Does Your New House Need A New Roof?
If you've just purchased a home, you probably don't want to think about a costly roof replacement just yet. Unfortunately, it's easy to miss problems with an existing roof before purchase, especially if you waived your pre-purchase inspection or didn't hire an experienced roofing contractor to inspect the shingles.
While roofing replacements can be costly, they're an inevitable fact of life for every home. As any roof ages, the shingles will begin to perform poorly, increasing the likelihood of water intrusion or storm damage. If you don't know much about the roof in your new home, here are three tips for evaluating its age and condition to determine if you might need a replacement.
1. Check the Attic
If you can access your home's attic, you'll have an easy way to look for signs of serious trouble. Make sure to bring a bright flashlight since you'll need to perform a detailed inspection, and there's unlikely to be much other light available. Once in the attic, take care that you only step on ceiling joists and avoid disturbing any insulation or placing your foot anywhere unsupported.

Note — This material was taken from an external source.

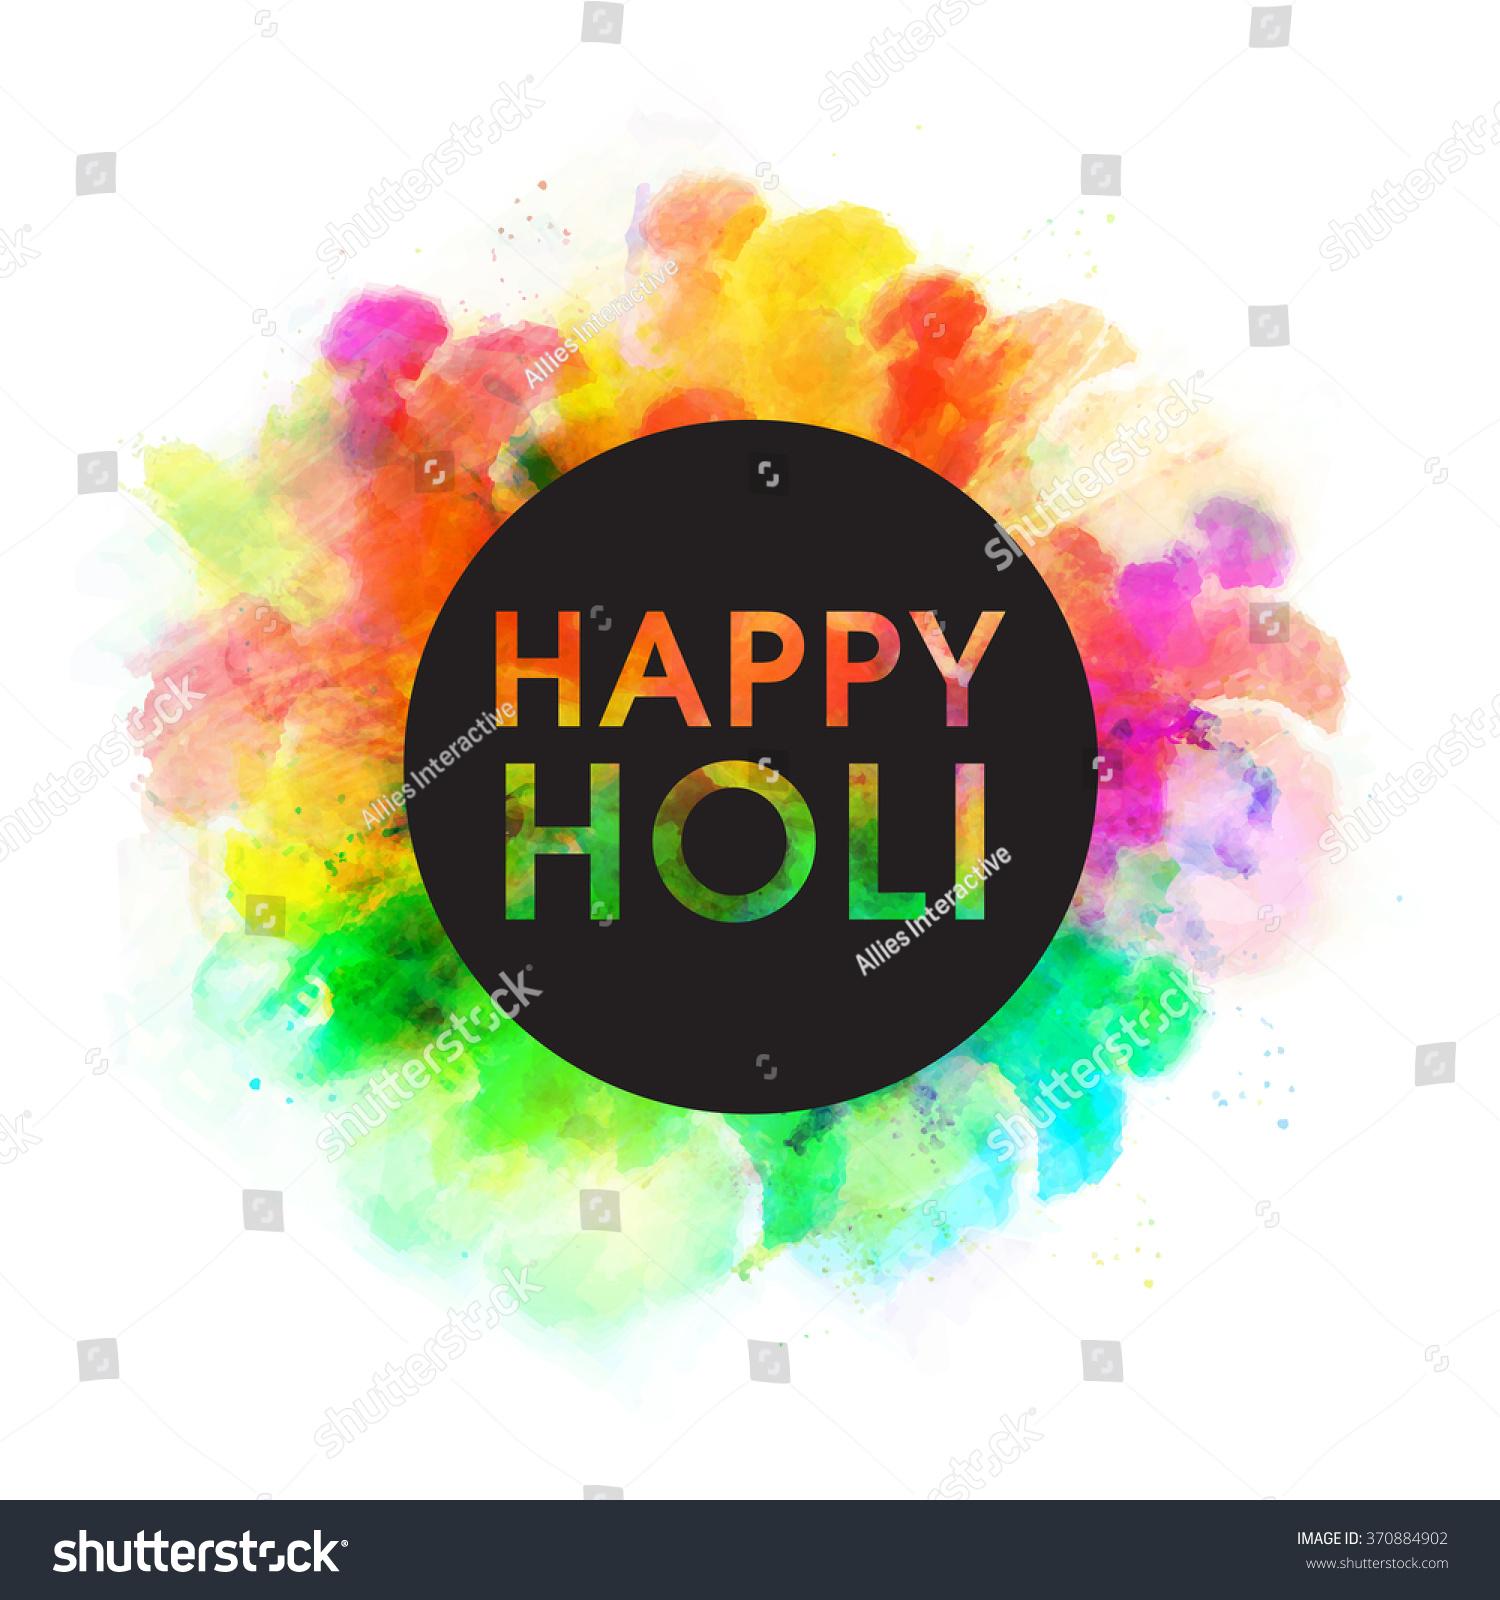 stylish text happy holi on colourful stock vector 370884902

Inside the attic, look for signs of moisture on the underside of the decking or along the rafters. Pay close attention to any musty odors or high humidity levels. Attics should be well-vented so that excessive moisture may indicate a leak or a ventilation problem. Any water intruding into the attic may be a sign of a roof that's old enough to require replacement.
2. Look for Granule Loss
Checking for granule loss can be a bit more complicated, but it's often a good way to gauge the age and condition of your roof. The granules on asphalt shingles add color and texture, but they also help protect the underlying shingle material. As the granules wear away, the shingle will become brittle, making it more prone to breakage and leaks. Shingles in this condition will typically fail relatively quickly.
To check for granule loss, you'll need to be able to see the top of the roof. If you're not comfortable getting on your roof yourself, a roofing contractor can perform this inspection for you. Widespread shingle loss across much of your roof indicates extensive damage or a roof relatively close to its expiration date. Either way, a replacement may be necessary soon.
3. Pay Attention to Small Leak Points
Consider getting a professional to inspect your new home's roof because many potential leak points are relatively small and hard to notice. Exposed nails, damaged flashing, cracked shingles and other seemingly tiny imperfections can lead to major leaks. While you can fix individual problems, widespread issues often mean that your roof is nearing the end of its life span.
Even a detailed inspection won't find all these issues, and repairing them will eventually feel like playing whack-a-mole. In the meantime, your home will be at severe risk of water damage from one leak after another. If an inspection uncovers numerous areas where leaks may develop, it's probably time to consider replacing the entire roof.